CALLS: Inter-segment call, address in line after the call instruction

  • Input:

    • AF, BC, DE, HL passed to called routine, other registers corrupted
  • Output:

    • AF, BC, DE, HL, IX and IY returned from called routine, all others corrupted

This routine must be used as follows:

CALL  CALLS
DB    SEGMENT
DW    ADDRESS

PUT_PH: Put segment into the page that contains address HL

  • Input:

    • HL = any address within the page that will be changed
    • A = segment number
  • Output: none, all registers preserved

GET_PH: Get current segment for the page that contains address HL

  • Input:

    • HL = any address within the page to be checked
  • Output:

    • A = segment number
    • All other registers preserved

PUT_P0/1/2/3: Put segment into page 0/1/2/3

  • Input:

    • A = segment number
  • Output: none, all registers preserved

GET_P0/1/2/3: Get current segment for page 0/1/2/3

  • Input: none

  • Output:

    • A = segment number
    • All others preserved

Appendix B. Acknowledgements

The original text version of this document was produced using xml2rfc v1.34 (of http://xml.resource.org/) from a source in RFC-2629 XML format.

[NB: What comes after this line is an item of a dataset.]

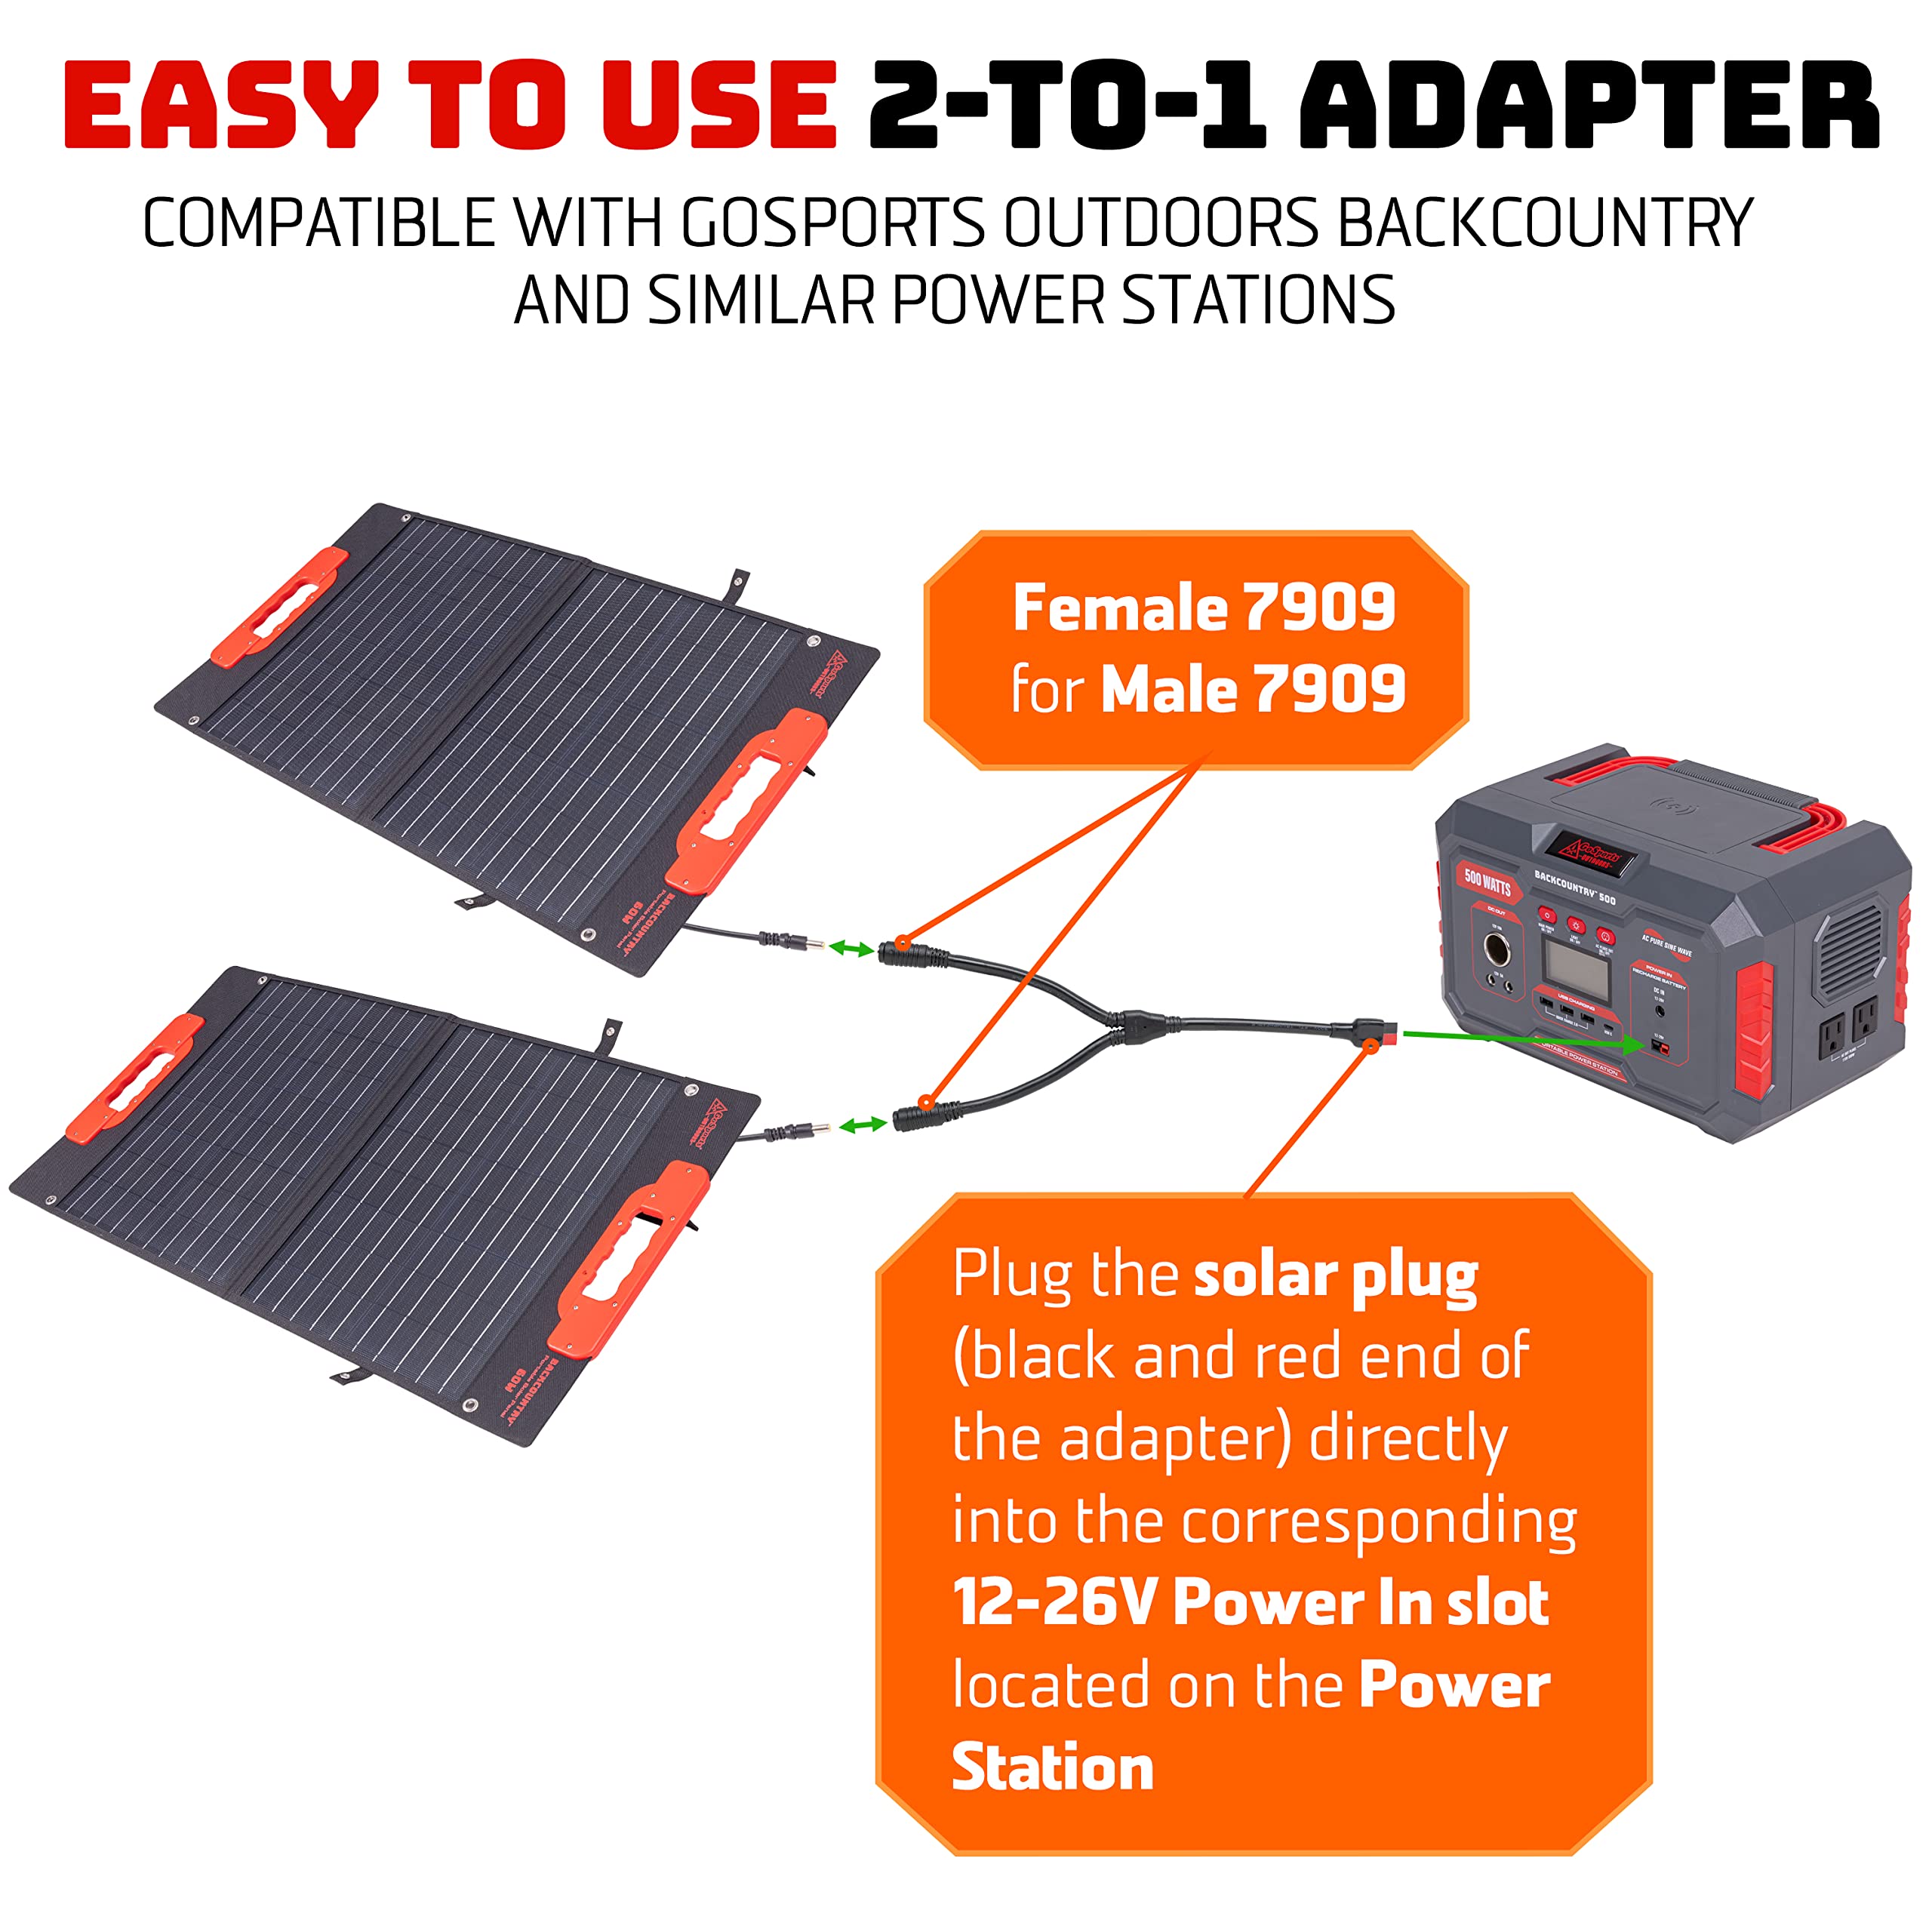 GoSports Outdoors Backcountry 2-to-1 Solar Dongle Y Adapter, Use to Recharge Power Station with 2 Solar Panels at Once

Appendix C. Document version history

  • Version 0.2

  • Version 0.3

    • "The big picture" section (Section 1.5) has been renamed to "Sample scenario"
    • Added the routine to call address 4010h in the "The RAM helper" section (Section 4)
  • Version 0.4

    • The maximum length for implementation names has been changed from 64 to 63 characters (Section 1.4 and Section 2.5), so a full length name will be 64 bytes long including the zero termination byte.

    • Slightly modified the explanation of the discovery procedure to make more clear (sort of) the fact that the API identifier must be zero-terminated only when it is copied to ARG (that is, the zero byte is NOT part of the identifier itself). See Section 3.2 and Section 3.3.

    • Added information about the alternate registers usage in Section 2.3.

    • Added the "avoid segment FFh" rule (see Section 2.8).

    • The usage of "#" as hexadecimal prefix was added in the glossary (see Section 1.4) in the original text document. In this document the "h" suffix is used instead.

  • Version 1.0

    • Added the rule about routine names (see Section 2.9).
  • Version 1.1

    • Added the concept of specificationless applications (see Section 5).

    • Modified the RAM helper specification (see Section 4) so that:

      • Installing the RAM helper when it is not installed is now optional (RAM based implementation installers may refuse to install instead).

      • When invoking the EXTBIO hook with A=FFh, additional information is returned in registers A and DE.

      • The routine for invoking a routine in the segment address 4010h has been replaced by a routine for invoking a routine in a jump table of up to 64 entries.

      • A mappers table is now generated in addition to the jump table.